According to industry surveys, retail shrink ranges from 1.7% to over 3% of total sales, with grocery stores operating on the highest end of that range according to FMI’s 2019 Food Industry Speaks study. Beyond direct inventory dollar costs, grocers also experience increased labor costs and lower customer satisfaction as a result of shrink.

The COVID-19 pandemic has delivered a temporary Band-Aid to grocers as the sales surge masks underlying root causes and symptoms. However, in time, the pandemic will pass, sales will decline towards the norm, and grocery shrink will rise north of 3% again, unless today’s profits are invested into preventative, long-term shrink savings strategies and technologies.

Shrink is a broad term, applying to both theft and operational causes of loss ranging from shoplifting and cashier/vendor theft to poor production planning and lack of rotation. While shrink from theft can be deterred, the largest gains come from focusing on the operations 100% within a store’s control. Let’s break down some of those operational opportunities — looking at the simple procedural changes needed and technology that can be leveraged to heighten results.

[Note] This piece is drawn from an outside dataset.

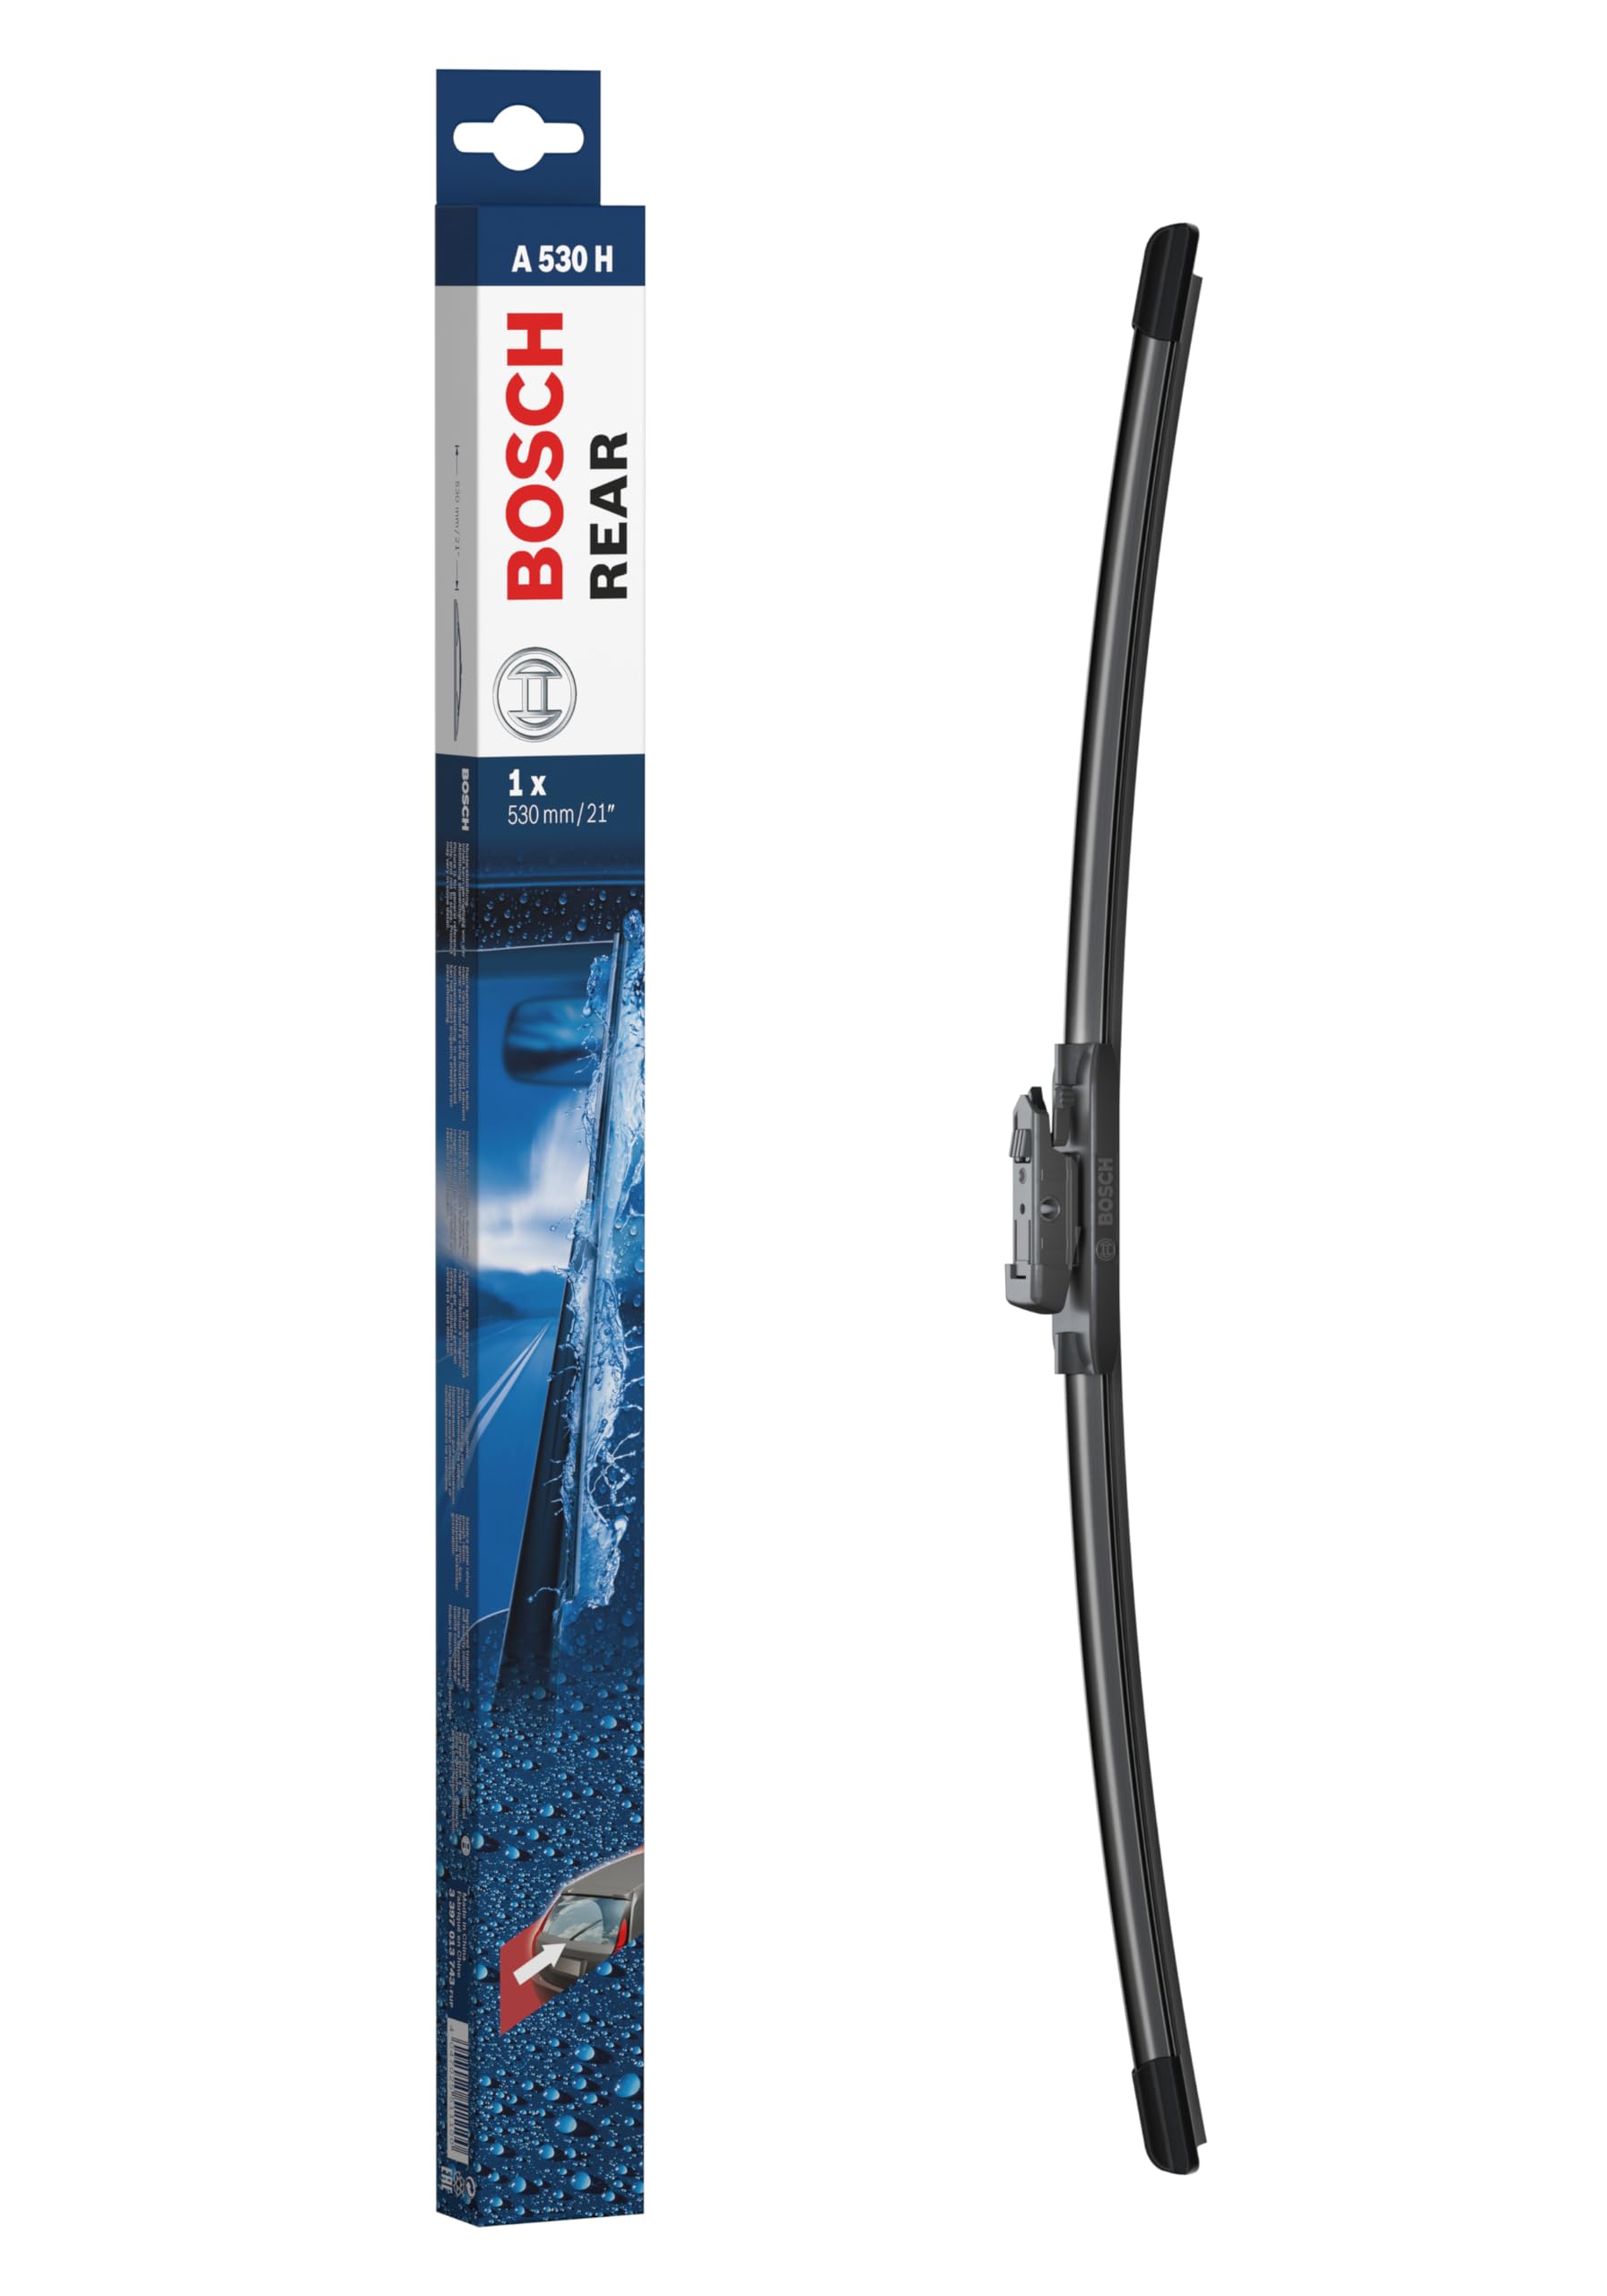 Bosch Scheibenwischer Rear A530H, Länge: 530mm – Scheibenwischer für Heckscheibe von Bosch Automotive

Prioritize SKU Rationalization

While sale doesn’t solve all shrink problems, it certainly is the MVP. In the 2020 FMI study Variety or Duplication, stores that made an effort to reduce variety by focusing on eliminating what consumers would view as duplicates led to an increase in sales ranging from 0.96%-1.62%, while 96% of shoppers surveyed noticed no change in assortment or in fact felt there were more items available than before.

Reducing SKUs on shelf has a double-positive effect on shrink. The increase in sales improves sell through, while less complex category sets make rotation easier for stocking crews. Think, did grocery stores have any issue rotating back in the good ol’ days when there was only one kind of ketchup on the shelf? Never.

Investments into computer generated ordering (CGO), shrink tracking software, and customer loyalty applications will arm category management to win at SKU rationalization.

Get Smart with Markdowns

There’s a well-accepted adage that “the first markdown is the best markdown.” That is, when discounting is used to drive sales on damaged, short-coded, or seasonal products, each consecutive markdown further erodes margin while driving additional labor costs.

Yet, what we’ve come to learn is that a dynamic markdown model can still be implemented in a one-markdown world. For example, store specific sales data per SKU can be leveraged when deciding whether or not, and by how much, to markdown short-coded inventory.

If getting SKU- and movement-specific with markdowns isn’t achievable, take time to experiment with how deep the markdown policy needs to be. Try out varying discount percentages, comparing the percentage of inventory sold and net sales. Findings need to differentiate the results by product categories and departments, as the optimal markdown for grocery or dairy products is likely vastly different than for OTC/vitamins.

Repurpose Shrink in Prepared Foods

Some of the most savvy and frugal grocery operators will tell you they have almost no expired or damaged shrink. Not because they never occur; they have built out a pipeline to turn this would-be loss into prepared foods ingredients.

Most product dating uses a Best If Used By date rather than a true expiration date. These Best If Used By dates serve as a worst-case timeline of diminished quality rather than a marker on food safety. Thus, using a dented can of tomato sauce on a take-and-bake pizza, or slicing up some bruised or irregular shaped apples into a caramel apple fluff, is perfect for this fall season.

Shrinkage has a huge impact on grocers — and, unfortunately, this issue is not uncommon. However, by implementing effective solutions, such as repurposing shrink, using optimal markdowns, and prioritizing SKU rationalization, grocery stores can decrease labor costs and sales loss while increasing customer satisfaction.